I seem to recall a conversation with my grandmother about flattop cakes, which are layer cakes with only frosting on the top and between the layers, in order to save the butter, eggs, and sugar ration during the war. Interesting to see this brought back for very hip weddings. I suppose if you served naked cake in a mason jar, it'd be both extra hipster and deal with the stale cake problem.
posted by blnkfrnk at 6:36 PM on July 10, 2014


If this unfrosted Summer cake phase becomes an ongoing thing, then maybe I can help to explain the lyrics to MacArthur Park to puzzled future generations.
posted by ovvl at 7:04 PM on July 10, 2014


seriously, my allergist asked me how the hell I was alive after telling me I'm allergic to all tree nuts

Derail conversation with my allergist:

Allergist: I've got your test results. You're allergic to trees.

Monster: Trees?

Allergist: Trees.

Monster: Which trees?

Allergist: Just trees. All of them.

Monster: ALL trees?

Allergist: Well, not ALL of them really.

Monster: Well, that's a relief.

Allergist: Just all the ones that grow here in the Northeast.
posted by The Underpants Monster at 7:08 PM on July 10, 2014 [16 favorites]


I really want to see some PinterestFail versions of these.
posted by gatorae at 7:09 PM on July 10, 2014 [7 favorites]


If this is a means of lowering the insane cost of weddings, I applaud.

But I'm suspicious. Applying frosting is an art. When someone deliberately abandons an art and tries to pass the results off as cutting edge, I suspect incompetence and rip-off.

(Which is not to say I would dismiss some of these for other occasions. Summer benefits from lots of fruit.)
posted by BWA at 7:36 PM on July 10, 2014 [2 favorites]


Cake is great, but croquembouche is where it's really at for a wedding dessert.
posted by atropos at 8:07 PM on July 10, 2014 [3 favorites]
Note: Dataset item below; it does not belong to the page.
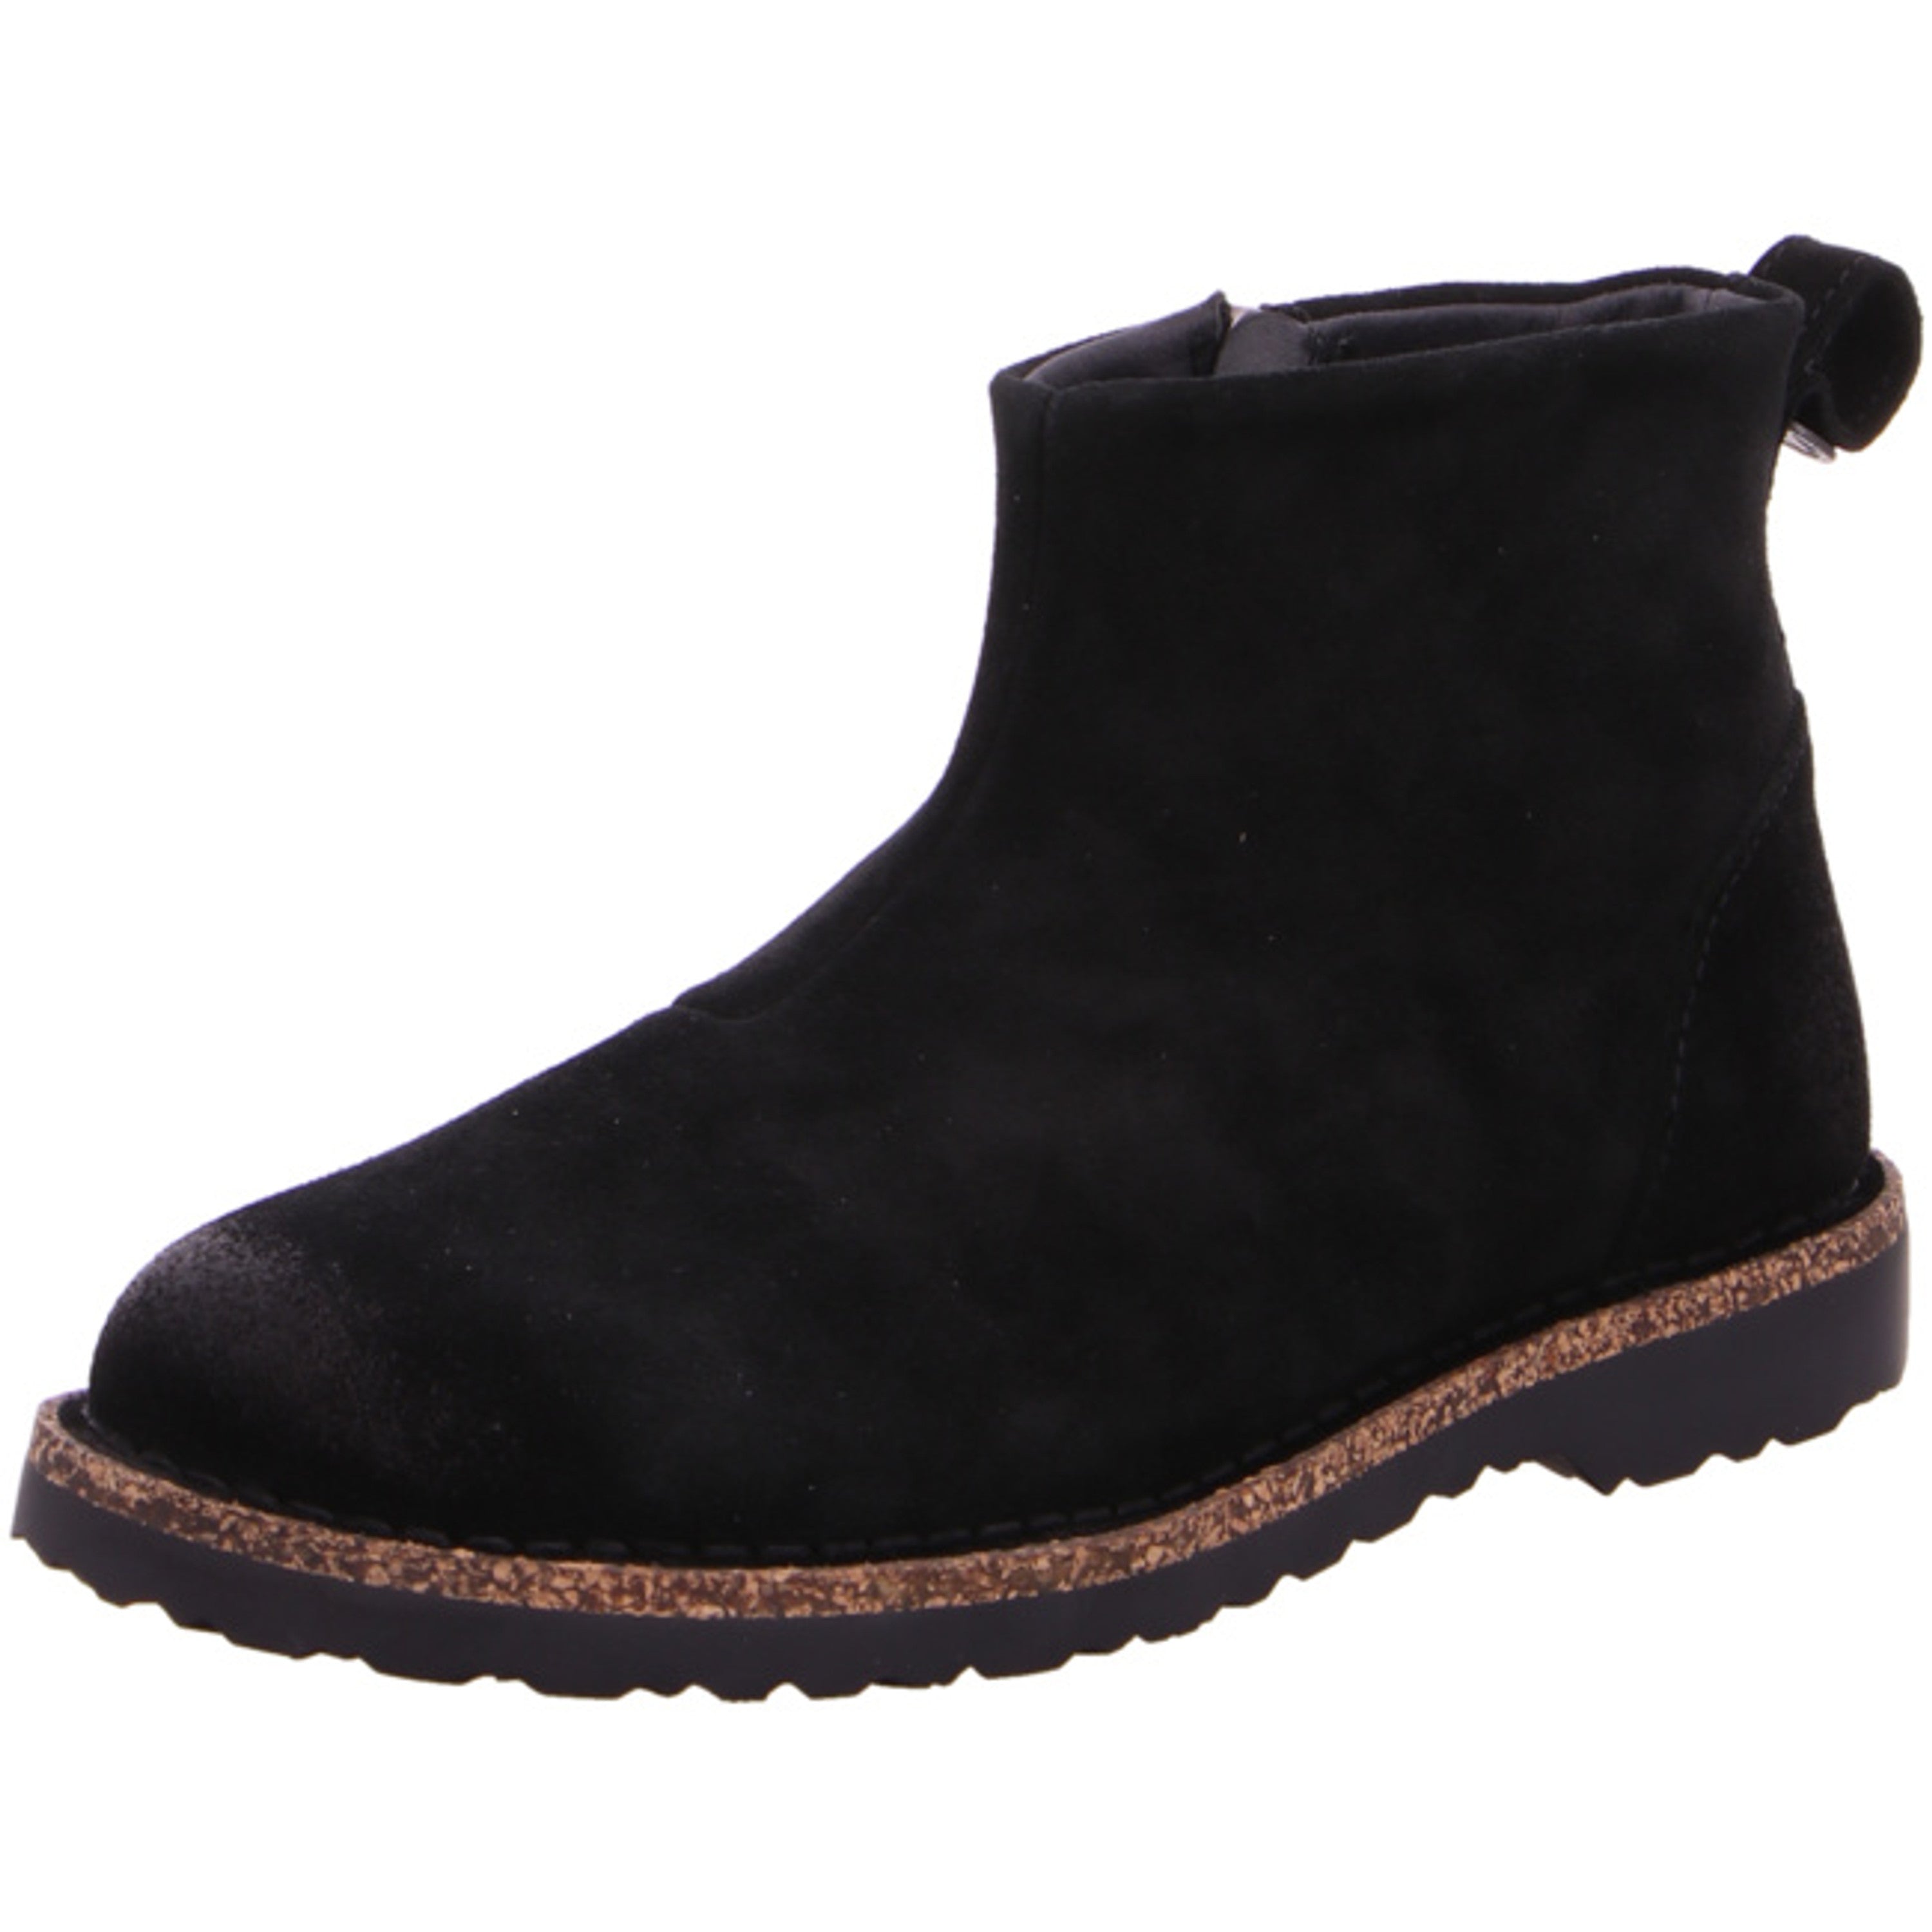 Birkenstock Melrose Boots regular Black Suede Leather Shoes Ankle Sandals Slippers - Bartel-Shop

Summer benefits from lots of fruit.

Quatre quarts: olive oil pound cake, one of my favorites
posted by the man of twists and turns at 8:36 PM on July 10, 2014 [2 favorites]


Growing up I always said I wanted a pineapple upside down cake for my wedding. I got overruled on the actual cake, but my grandma did send one for the groom's cake. It was gone before the wedding cake was.
posted by lysdexic at 8:38 PM on July 10, 2014 [1 favorite]


Most cakes and cupcakes nowadays appear to be about 1/3 frosting and 2/3 cake. This is an unacceptable frosting distribution. It should be at least 25-75 if not 20-80.

If you require more frosting it will of course be available on the side in any quantity you wish free of charge. This shall be law.

my totalitarian gynocentric theocracy is gonna be so rad guys
posted by elizardbits at 8:46 PM on July 10, 2014 [11 favorites]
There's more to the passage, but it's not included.